Direct Preference Optimization
Direct Preference Optimization (DPO) is a fine-tuning strategy for aligning large language models (LLMs) with human preferences. It was proposed by a research team from Stanford University and CZ Biohub in 2023 and published in the paperDirect Preference Optimization: Your Language Model is Secretly a Reward Model》, published in NeurIPS 2023.
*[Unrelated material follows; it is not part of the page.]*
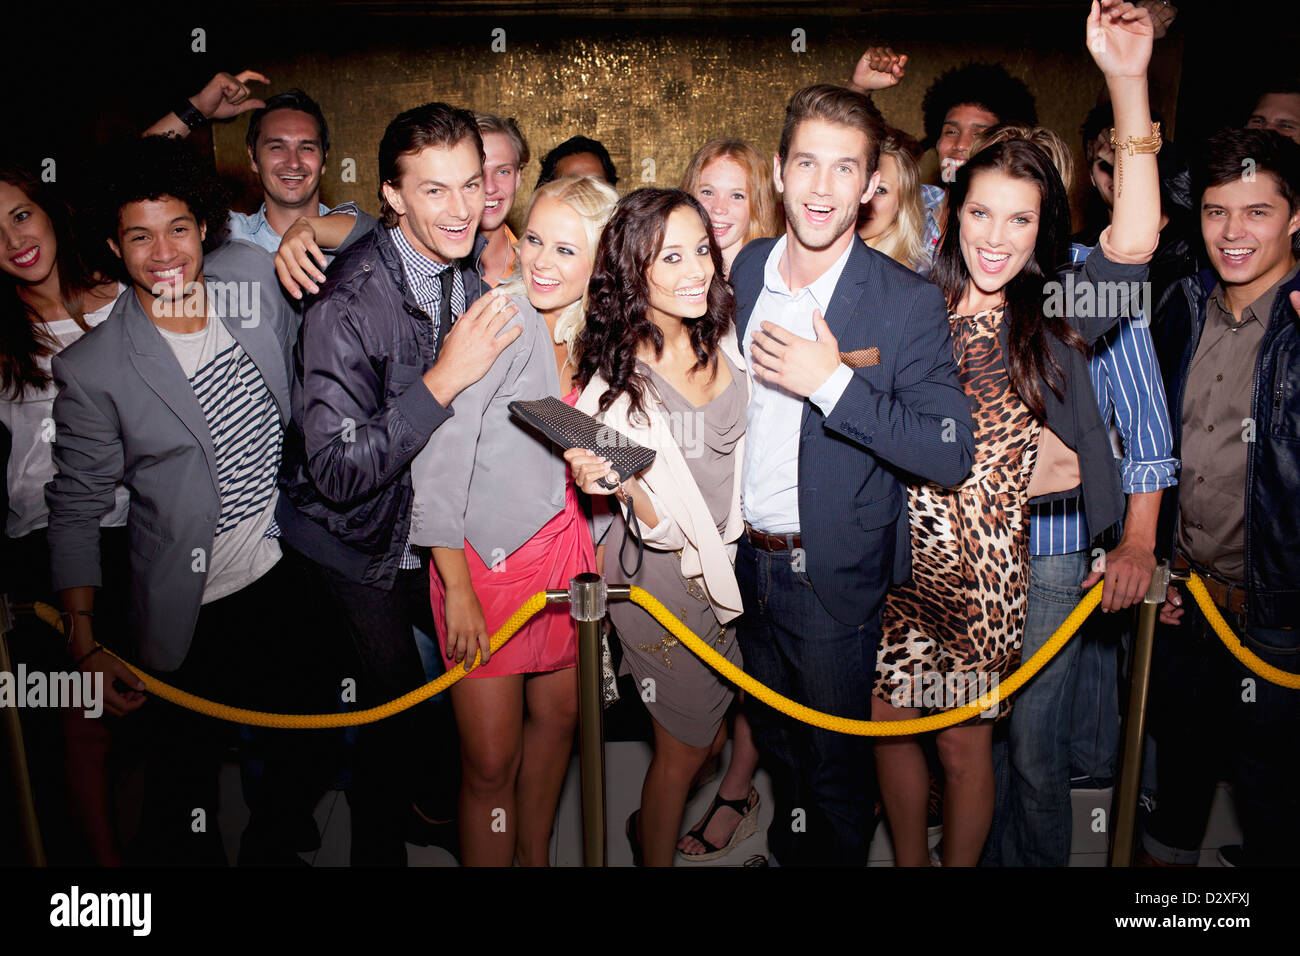 Porträt der begeisterten Menge in Warteschlange vor Nachtclub Stockfoto

The core idea of DPO is to optimize directly on human preference data without training a separate reward model or using reinforcement learning. It fine-tunes the language model through binary preference data to make the model more inclined to generate human-preferred answers. Compared with traditional reinforcement learning based on human feedback (RLHF), DPO is simpler, more stable and less computationally expensive. It avoids the fitting process of the reward model by incorporating the preference loss directly into the strategy, and uses the KL divergence constraint to ensure that the model in training does not deviate from the original model.
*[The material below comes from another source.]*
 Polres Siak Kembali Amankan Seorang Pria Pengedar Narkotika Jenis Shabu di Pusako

DPO is proposed to address some limitations of RLHF, such as high computational cost, complex reward modeling, and instability during training. Experiments show that DPO outperforms PPO-based RLHF in controlling generated emotions, and is comparable or improved in summary and single-turn dialogue response quality. In addition, DPO further improves the performance of the model by introducing an offset to handle preference pairs with different preference strengths.